Featuring a gorgeous understanding of light and magnificently cast, the work feels effortlessly elegant and sexy without turning foolish or smarmy. On a level it enables you to gratuitously indulge in the sheer beauty of Italian aesthetics of the 1980s, from the cars and the clothing to the architecture and sense of space in the world. On another, it tells an important literary tale, which is as tragically clichéd as the life of Vincent Van Gogh – a gifted person finds only poverty and rejection in life, but immortality and celebration posthumously.
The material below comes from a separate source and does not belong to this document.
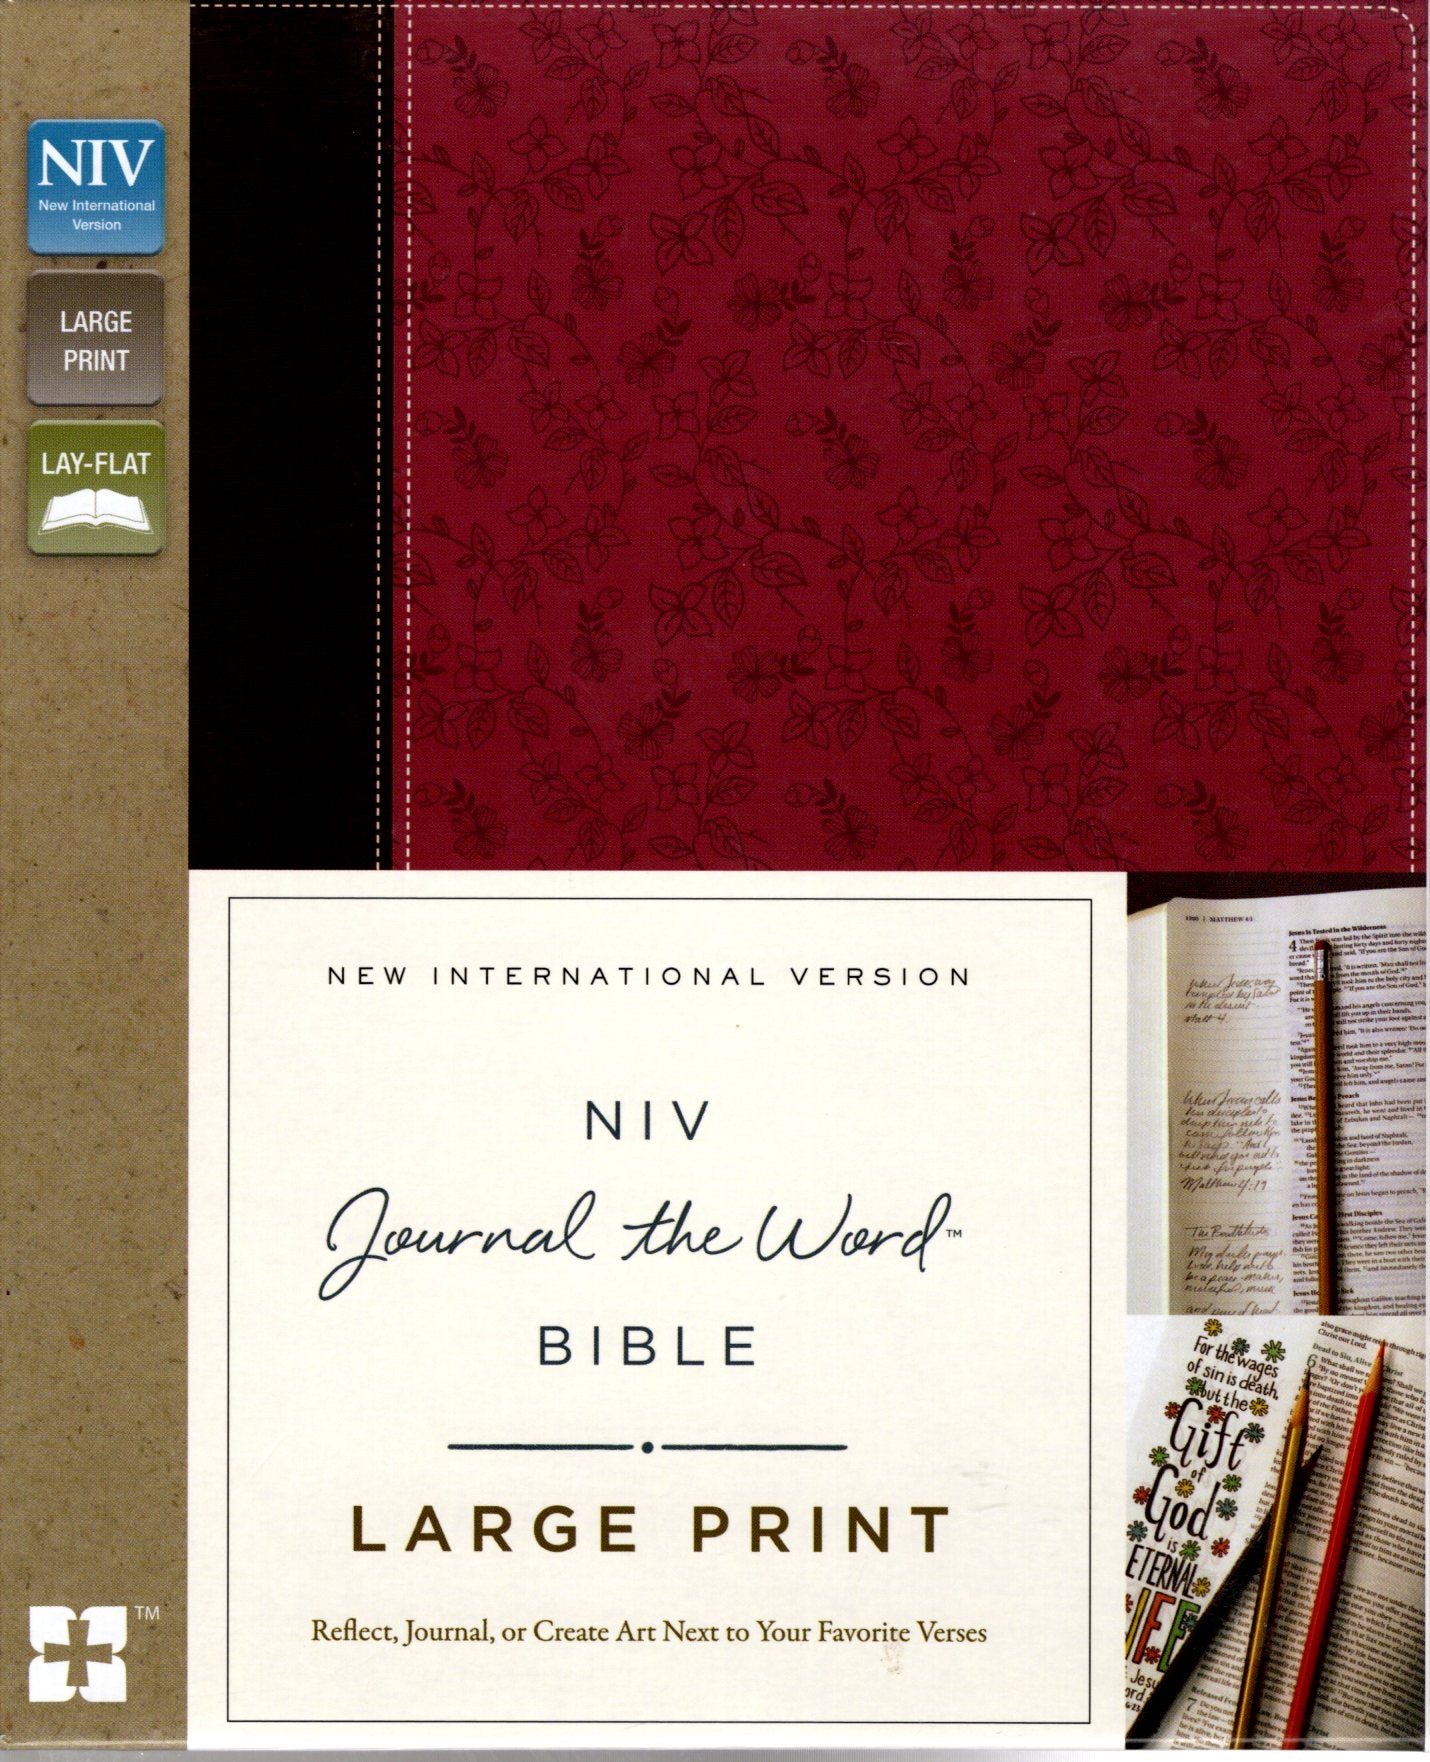 Zondervan NIV® Journal the Word™ Bible Large Print - LeatherSoft™ (Orchid/Chocolate)

And yet, in its telling and the way in which it is cast and performed, Fuori is like a breath of dangerous and thrilling air. Valeria Golino plays Sapienza with depth and a sense of boldness conjoined with deep vulnerability. Flashbacks riddle the chronology of the work and her brief stint in Rebibbia prison in Rome in 1980 for theft. It was a formative moment in her life, and directorially, this context is handled with the compassion, clarity and brutality of Tom Fontana’s HBO series Oz, from the late 1990s, but it is also evocative of the chorus of infernal spirits in Monteverdi’s Orfeo of 1607.
But it is Sapienza’s friendship with former cellmate Roberta (Matilda De Angelis) that conjures up an understanding of the potency of deep friendship, the likes of which we saw in Unicorns, also on this festival. It’s about being able and willing to give all you have to a friendship which matters. Whatever the cost.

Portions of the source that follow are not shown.